Jeff Sykes

Personal information
- Born: 1943 (age 82–83)
- Years active: 1960 - 1978

Sport
- Sport: Rowing
- Club: Corio Bay Rowing Club

Medal record
Men's rowing
Representing Australia
World Rowing Championships
| Bronze medal – third place | 1978 Copenhagen | Lwt men's eight |

= Jeff Sykes =

Australian rower (born 1943)

Jeff Sykes (born 1943 in Victoria, Australian) is an Australian national champion lightweight rower and a builder of world class rowing racing shells.

==Club and state rowing==
Sykes commenced rowing in 1955 aged 12 as a coxswain at the Corio Bay Rowing Club. He's had a lifelong association with the club and has been club captain, committee man and Vice President.

Sykes' elite competitive rowing career spanned the period from 1960 to 1978. At the inaugural 1962 Australian Rowing Championships, Sykes became the national lightweight men's single scull champion wearing Corio Bay colours. He was then national lightweight men's single scull champion in 1964, 1968, and 1974 and placed second in 1975, 1976, and 1978.

Sykes' first state selection came in 1961 as Victoria's representative to contest the President's Cup - the Men's Interstate Sculling Championship - at the annual Interstate Regatta.
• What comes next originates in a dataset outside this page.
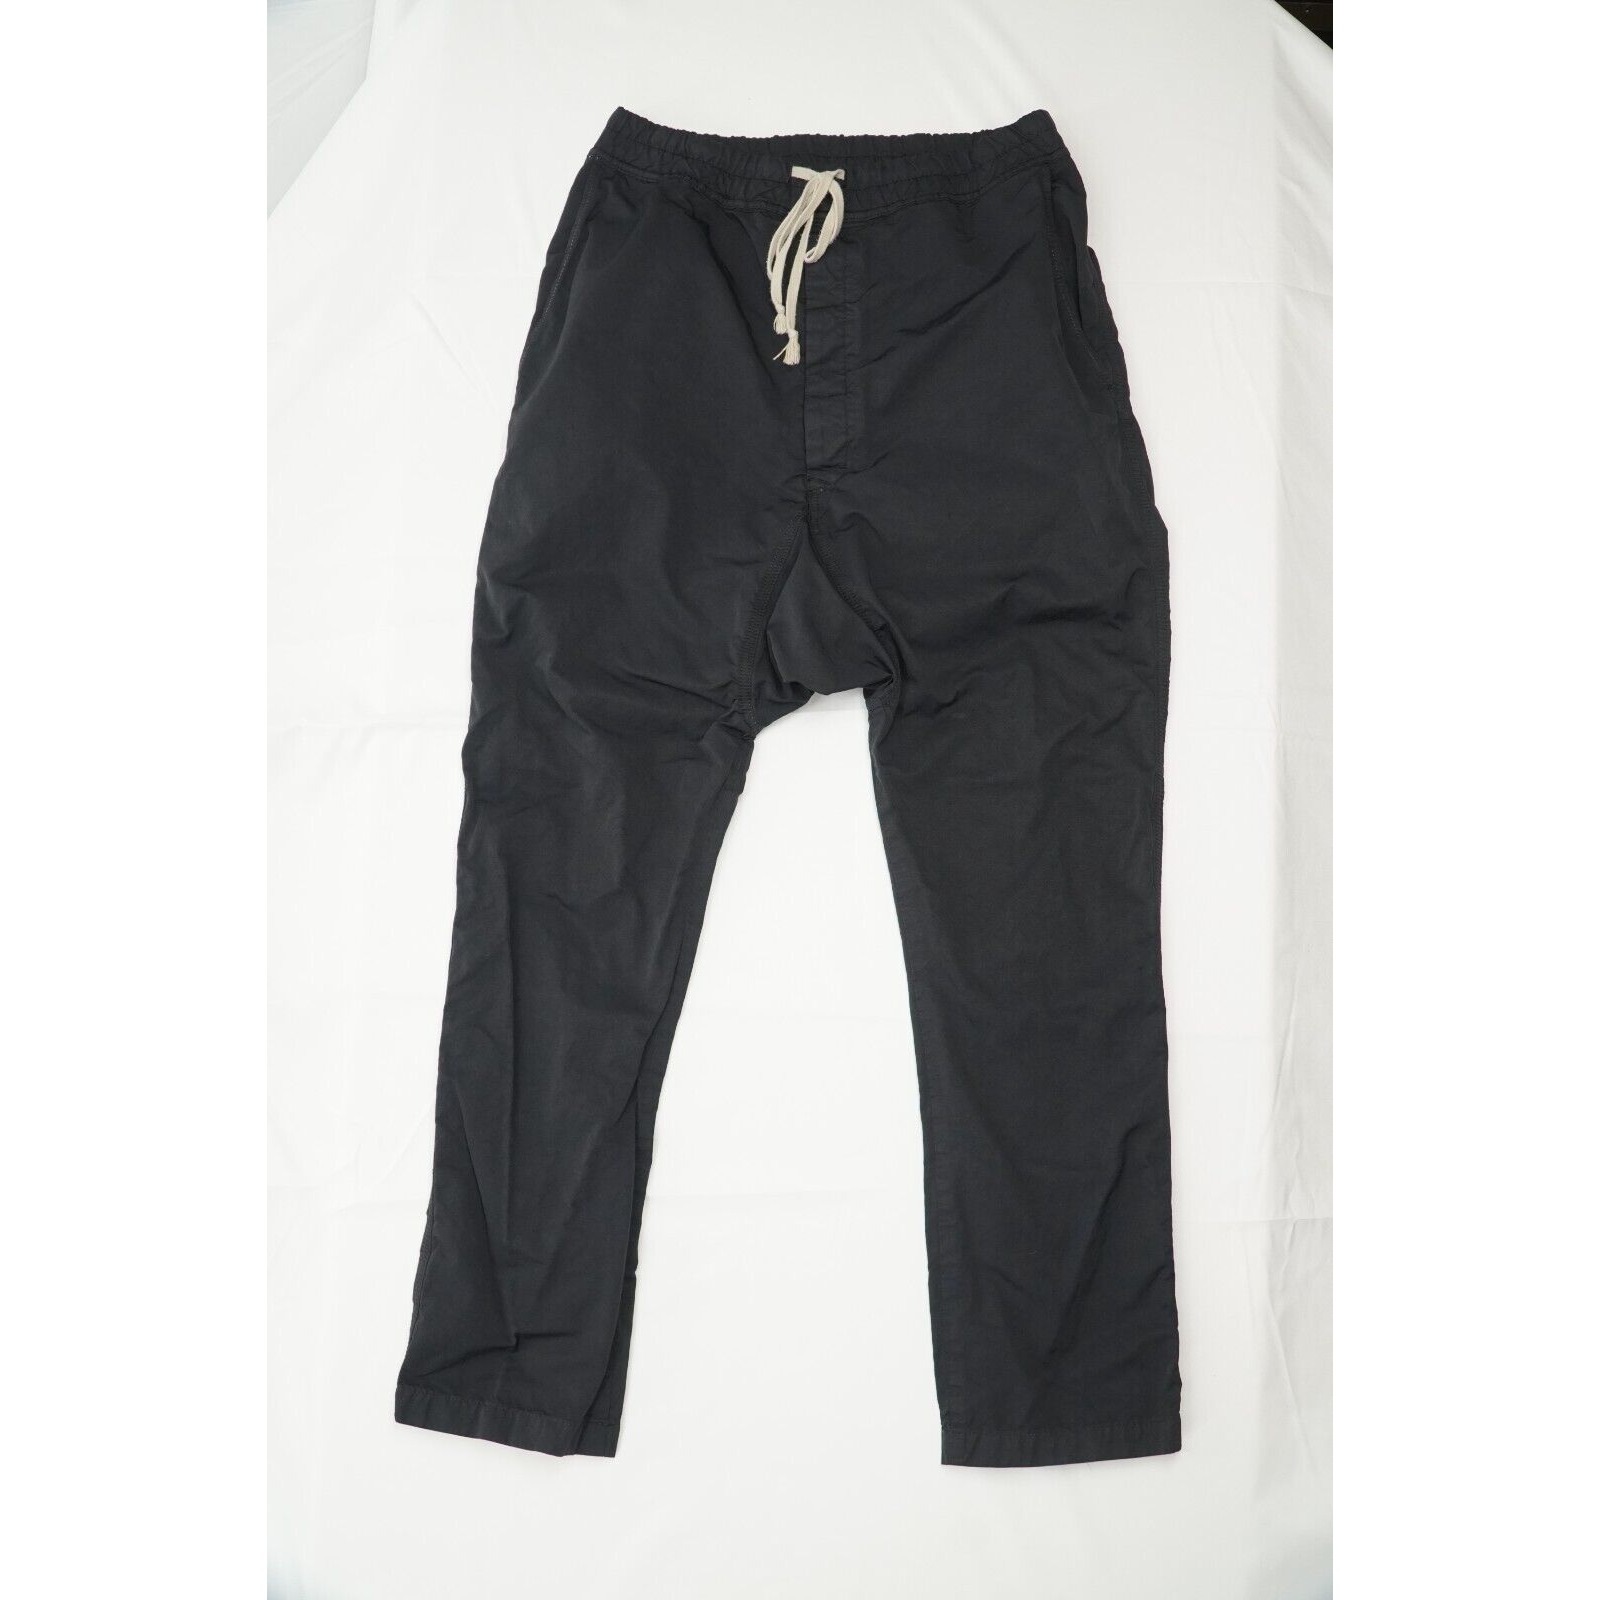 Black Lounge Pants Elastic Drawstring Drop Crotch Large - 1

He raced that event for Victoria in 1961, 1962, 1963, 1966, 1967, 1969, 1973 and 1976 and won that national title in 1966 and 1973. In 1968 and 1972 he was selected in the Victorian men's lightweight four who contested the Penrith Cup at the Interstate Regatta.
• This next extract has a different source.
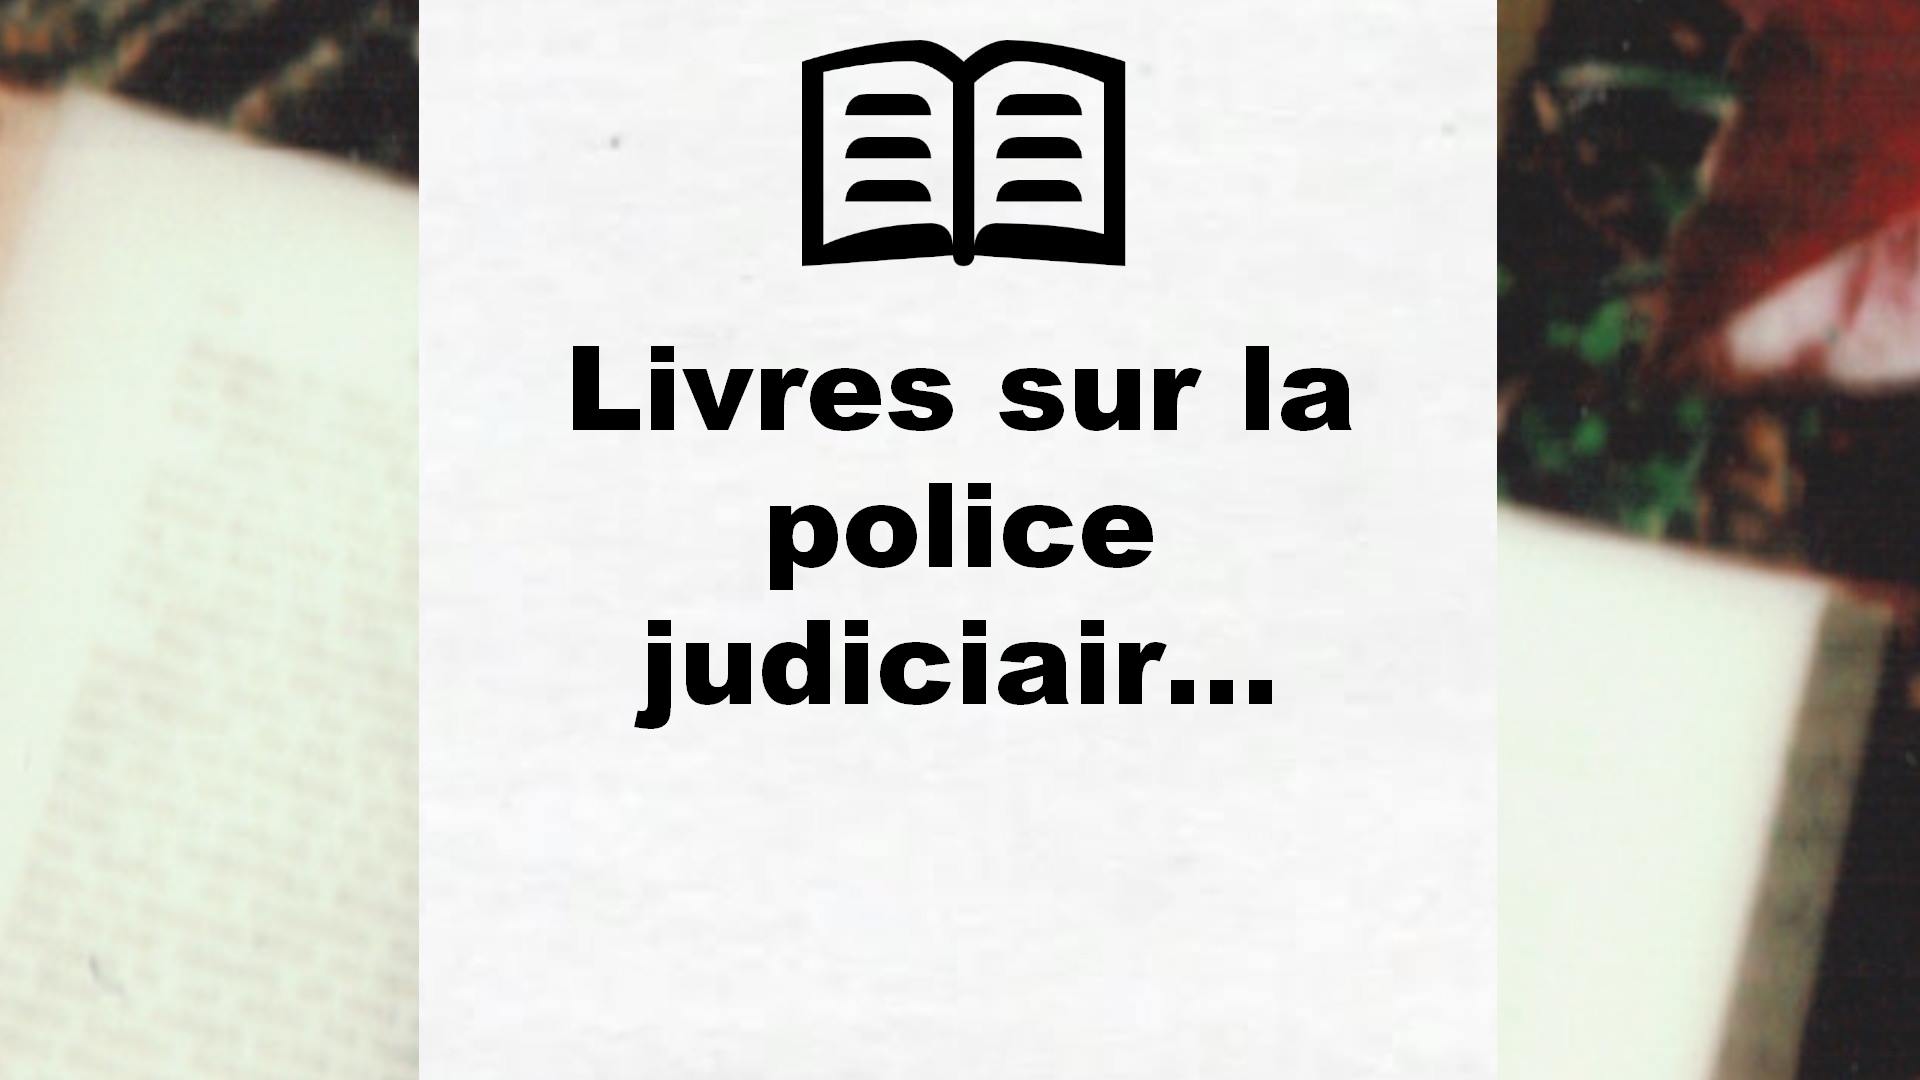 Livres sur la police judiciaire

==International representative rowing==
Sykes' debut national representative selection came in 1966 when he was selected as a Australia's sculler to race at the 1996 World Championships, however he withdrew due to business commitments. He raced on the world stage at the West German International Championships in 1973 and represented Australia at the 1973 European Rowing Championships in Moscow where he placed tenth in the men's single scull.
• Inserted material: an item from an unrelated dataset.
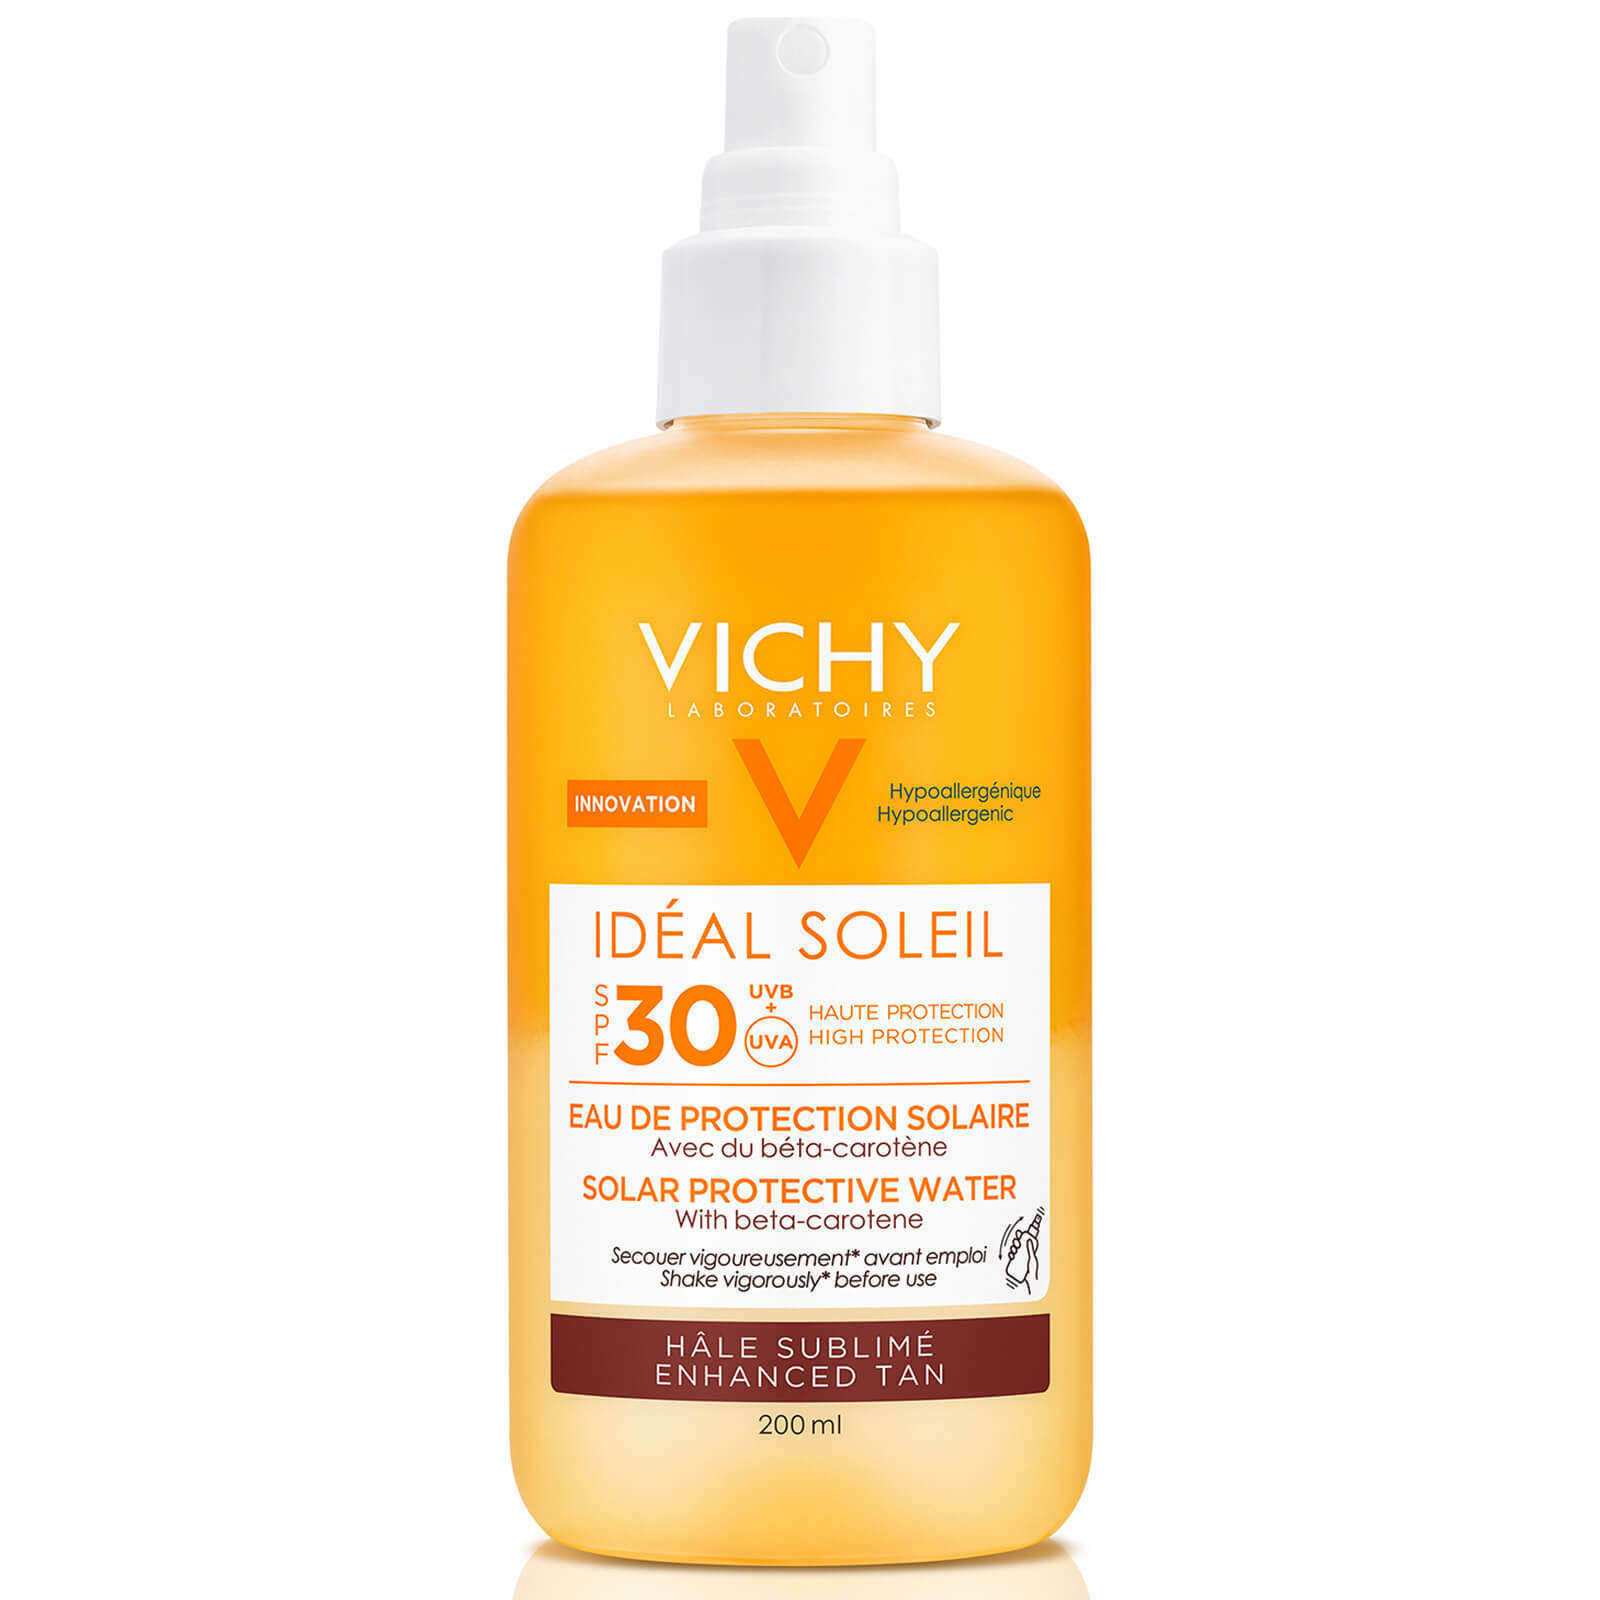 Vichy Idéal Soleil Solar Protective Water - Tan, 200ml

Sykes was a late addition to the lightweight men's eight at the 1978 FISA Lightweight Championships in Copenhagen, replacing Stuart Wilson who had not been in Australia long enough to be eligible. The Australian eight rowed to a bronze medal.

==Coaching==
Before he had retired from competitive rowing, Sykes was coaching Leisa Patterson a Corio Bay Rowing Club sculler. She competed at the 1976 Australian Rowing Championships and won the Australian junior single sculls title. Then she contested the women's open single sculls title in 1977 (2nd place) and then won the lightweight single sculls title that same year. In 1978 she won both the lightweight and the open championship title. She continued to contest lightweight Australian sculls championships under Sykes' coaching for a number of year winning the lightweight single sculls title in 1979 and the lightweight double sculls title in 1991.

==Sykes racing shells==
Sykes was apprenticed to his father's boat-building business in Geelong. In 1966, Sykes built his own racing shell to compete in the Australian Rowing Championships and this was the genesis of his own business Sykes Racing, a Geelong-based racing shell manufacturer. Sykes Racing initially focussed on smaller boats and had success as rowers of their sculls and pairs won Australian national championships. In 1973 the Western Australian senior men's eight had King's Cup success in a Sykes boat and from 1974 Sykes boats were being used in all boat classes for Australian representative crews.